▸ Dataset extract:
━━━━━━━━━━━━━━━━━━━━━━━━━━━━━━

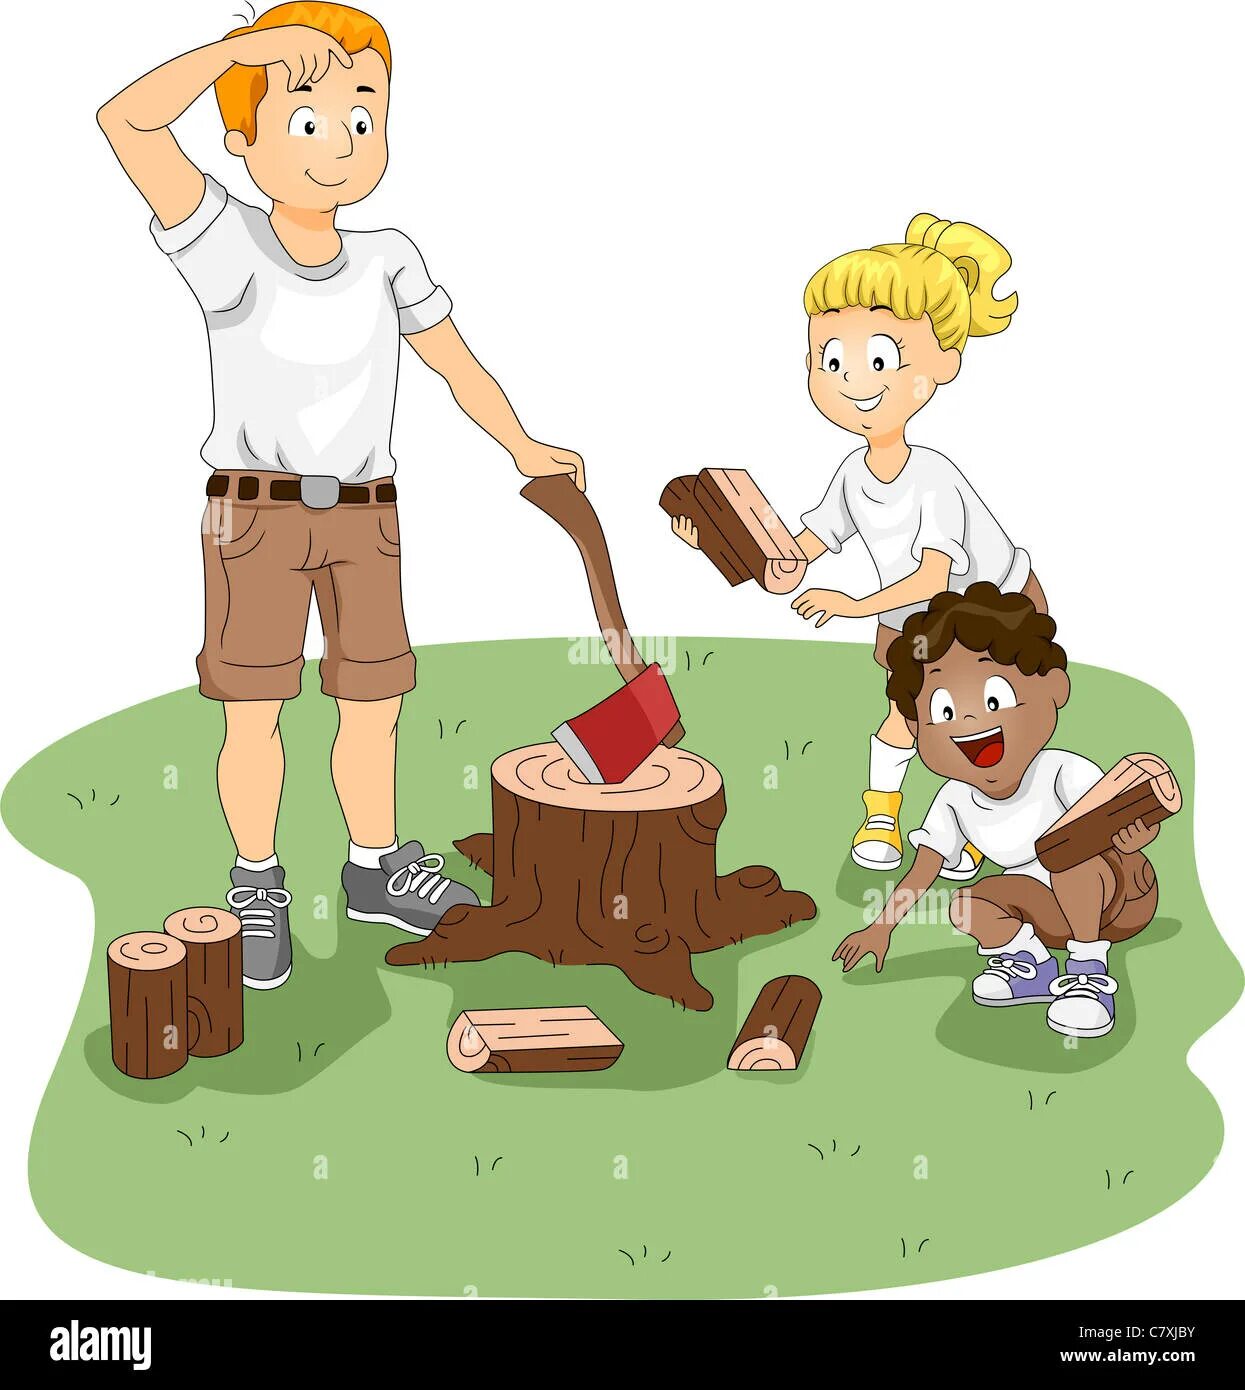 Папа рубит дрова. Дети рубят дрова. Расколю дрова иллюстрация. Папа рубит дрова для детей. Что угодно картинки
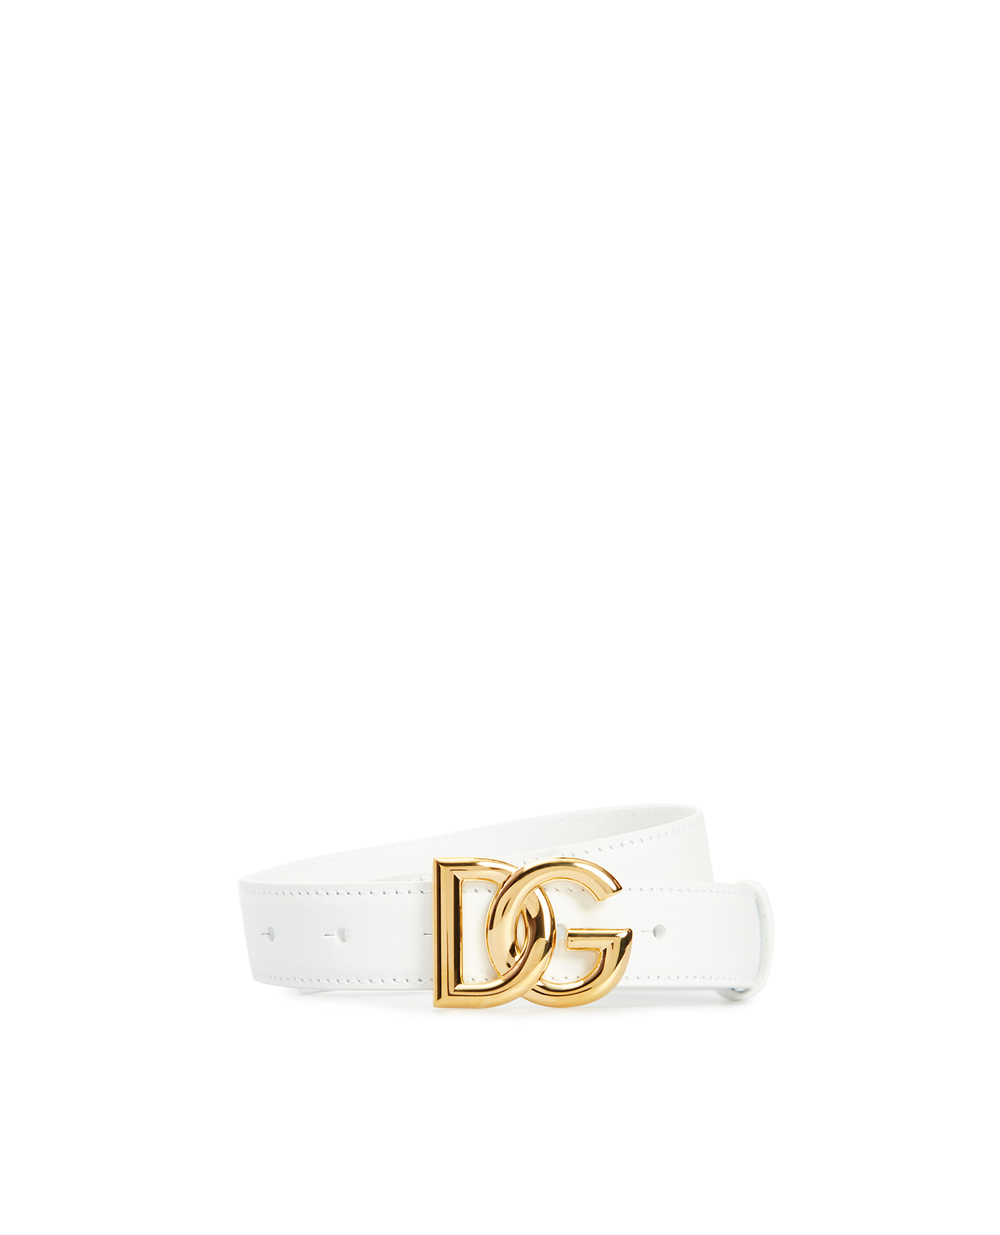 Кожаный ремень Dolce&Gabbana BE1447-AW576, белый цвет • Купить в интернет-магазине Kameron
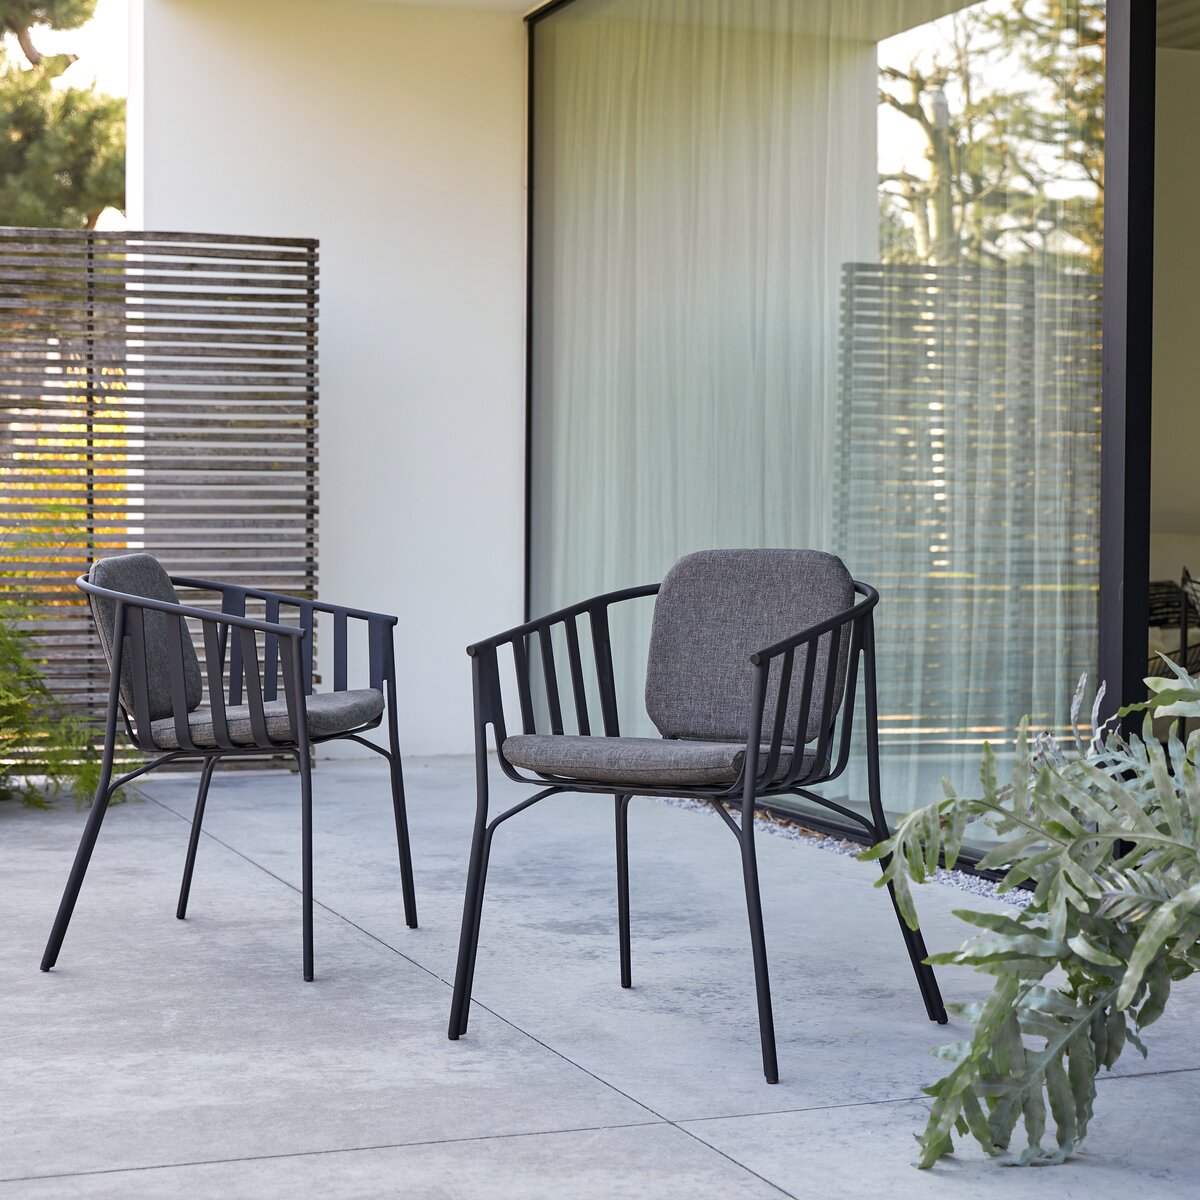 Sedia da giardino in alluminio verniciata di nero - Sedute outdoor

━━━━━━━━━━━━━━━━━━━━━━━━━━━━━━

▸ The task: Please retype the data exactly. The pictures do not go in.

▸ Solution to the problem:
 Папа рубит дрова. Дети рубят дрова. Расколю дрова иллюстрация. Папа рубит дрова для детей. Что угодно картинки
 Кожаный ремень Dolce&Gabbana BE1447-AW576, белый цвет • Купить в интернет-магазине Kameron
 Sedia da giardino in alluminio verniciata di nero - Sedute outdoor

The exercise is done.